Blebbistatin (Tocris, Ellisville, MO) was dissolved in dimethyl sulfoxide to 100 mM and added to cells at 100 μM while on the microscope stage. Immediately after blebbistatin was added to the medium, a sequence of images with a 1-min interval was collected.
The wound closure assay was performed by a single scratch of a cell monolayer with a plastic pipette tip. A consistently straight region was identified and images were acquired in a single field every 10 min as indicated above. For wound closure rates, images at 2-h intervals were selected. Wound edges were approximated by manually marking the image with 5 points on each side of the wound and fitting them to a straight line with a fixed vertical slope. The intersection with the x-axis was used as the position of the wound edge. Results from both edges were averaged. In addition, 10 randomly selected single cells at the wound edge were tracked at 40-min intervals using the ImageJ (NIH) manual tracking plug-in. Persistence was defined as the ratio of absolute displacement (D) over total (T) length of the path (D/T).
Chemotaxis Assay
Chemotaxis was assayed in a modified Boyden chamber. Six-millimeter-diameter transwell inserts with 8-μm pores were used in 24-well plates (Corning Glass Works, Corning, NY). Trypsinized cells recovered for 30 min in full media and were then plated in 0.2 ml of DMEM in the upper chamber with 0.7 ml of DMEM containing the chemoattractant (PDGF) at the indicated concentration in the bottom chamber. Cells were incubated in a standard incubator for 4 h. Medium was removed from the upper chamber by aspiration and the inserts were placed in 1 ml of 3.7% formaldehyde (Fisher, Pittsburgh, PA) in PBS. After 15 min the fixative was removed from the upper chamber and the inserts were placed in 1 ml of PBS. At this point the inserts were either immediately processed or stored at 4°C for up to 1 wk.
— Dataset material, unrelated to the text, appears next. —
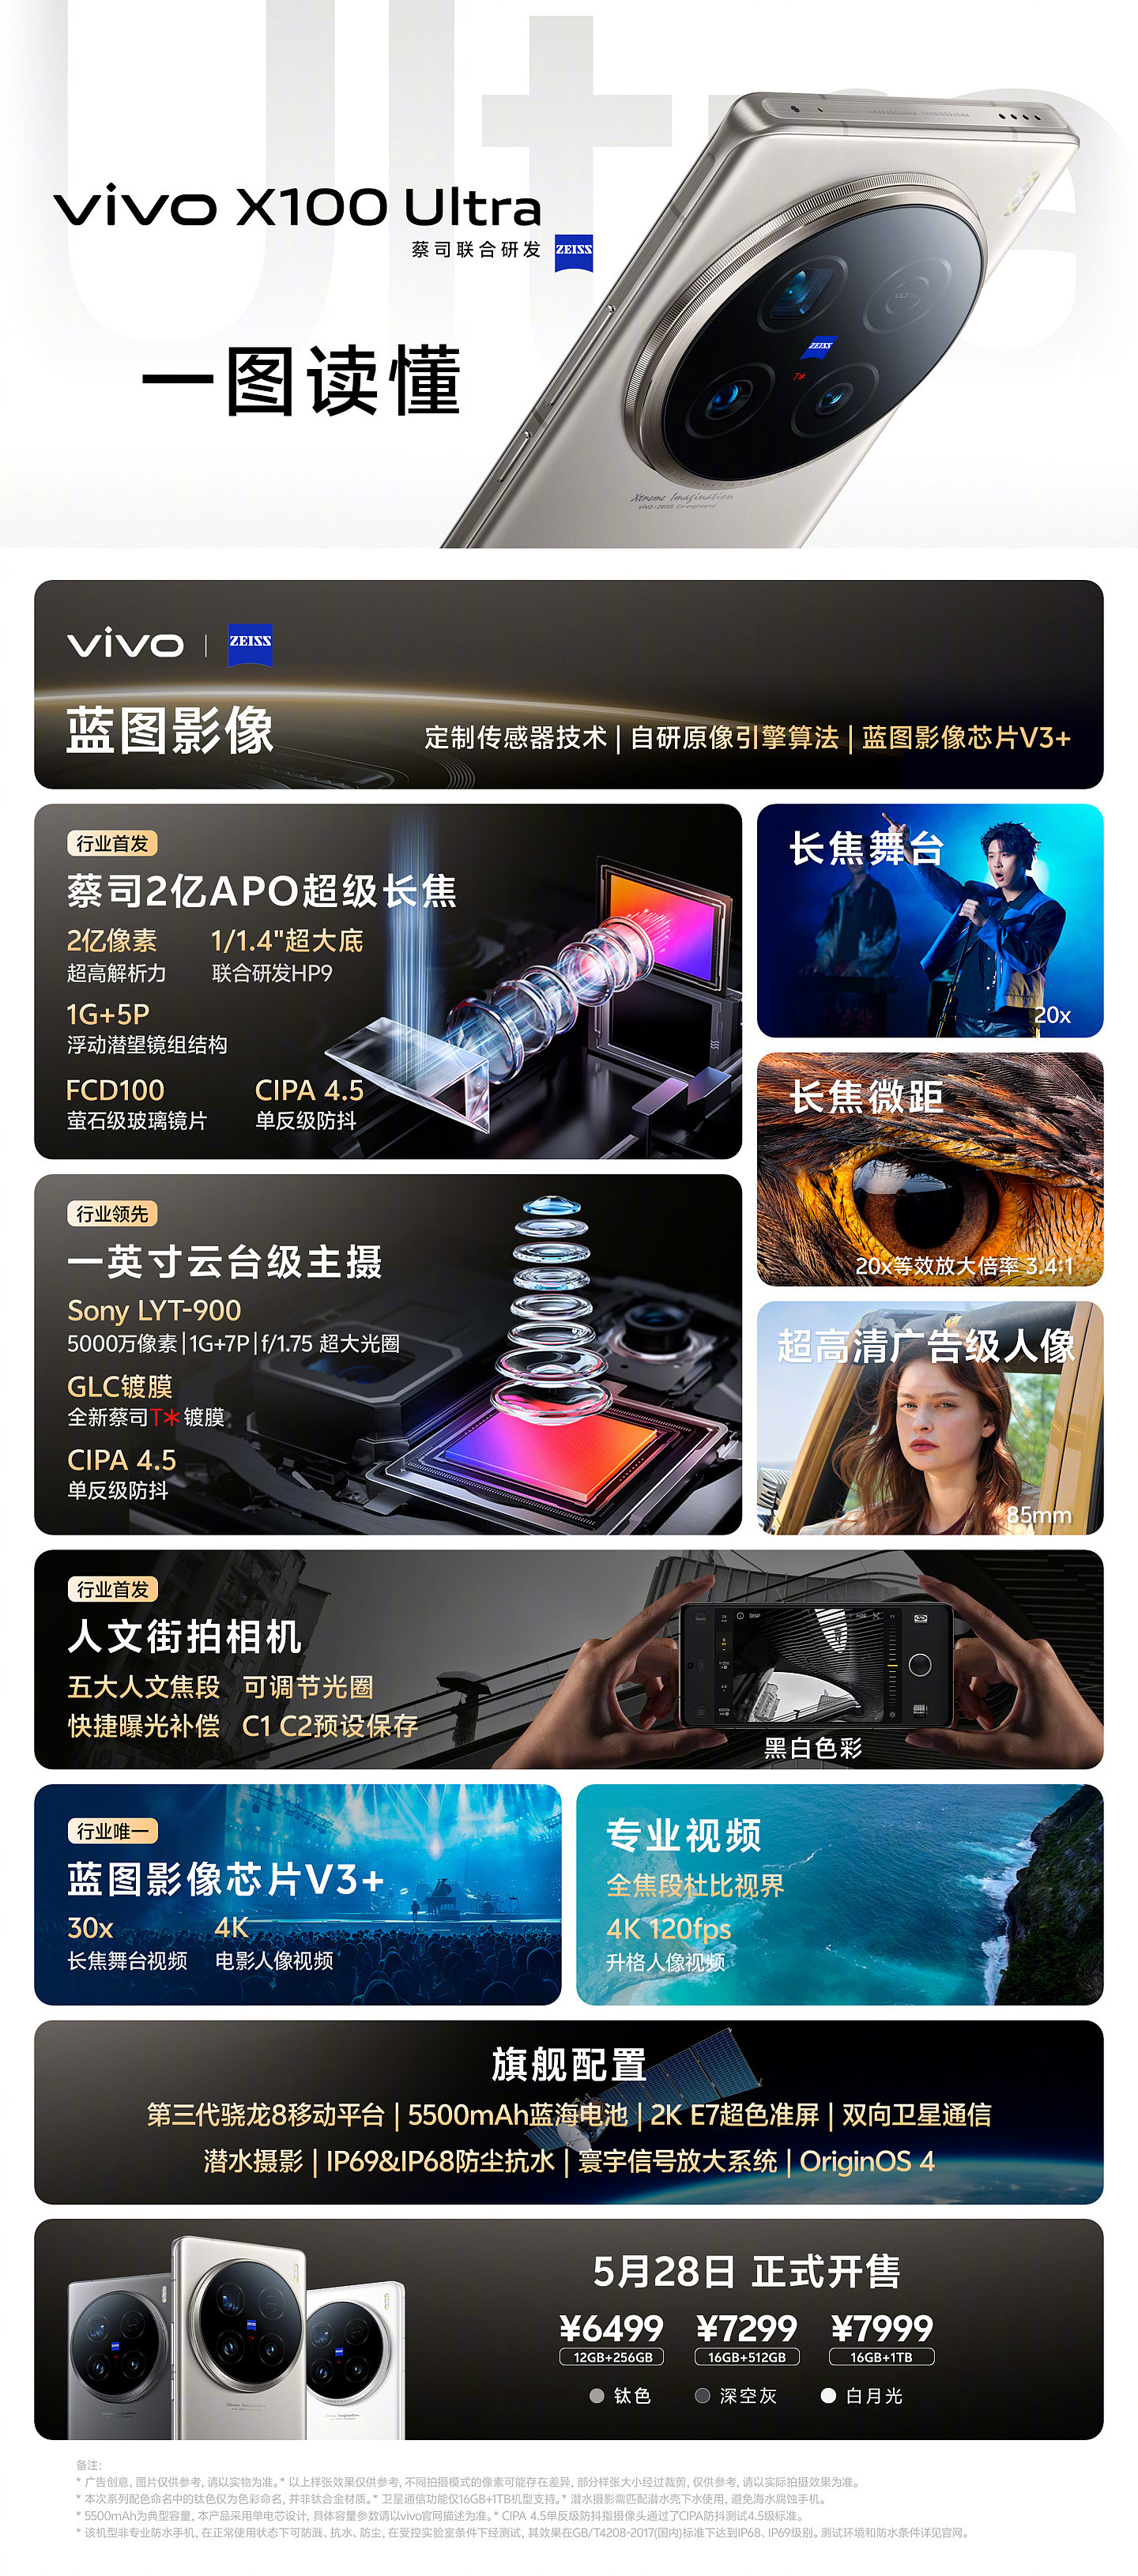 vivo X100 Ultra 发布：官方称“买相机送手机”，售价 6499 元起 - 21

To count the cells, their nuclei were stained by placing the inserts in 2 μg/ml Hoechst 33258 (Molecular Probes, Eugene, OR; Invitrogen), in PBS + 0.5% saponin (ICN Biomedicals, Costa Mesa, CA) for 15 min. The inserts were then placed in 1 ml PBS and imaged with a fluorescent microscope, a cooled CCD camera and a 10× objective (see above). Images were collected from five fields on each membrane; afterward the cells on top of the chamber were mechanically removed with a cotton swab and the membrane was imaged again in five places. Cell migration was calculated as the fraction of cells remaining after removing all of the cells on the upper surface. To differentiate chemotaxis from chemokinesis, parallel wells were incubated without chemoattractant or with the same concentration of chemoattractant in the lower and upper chamber. All measurements were done in duplicate and the experiment was repeated three times.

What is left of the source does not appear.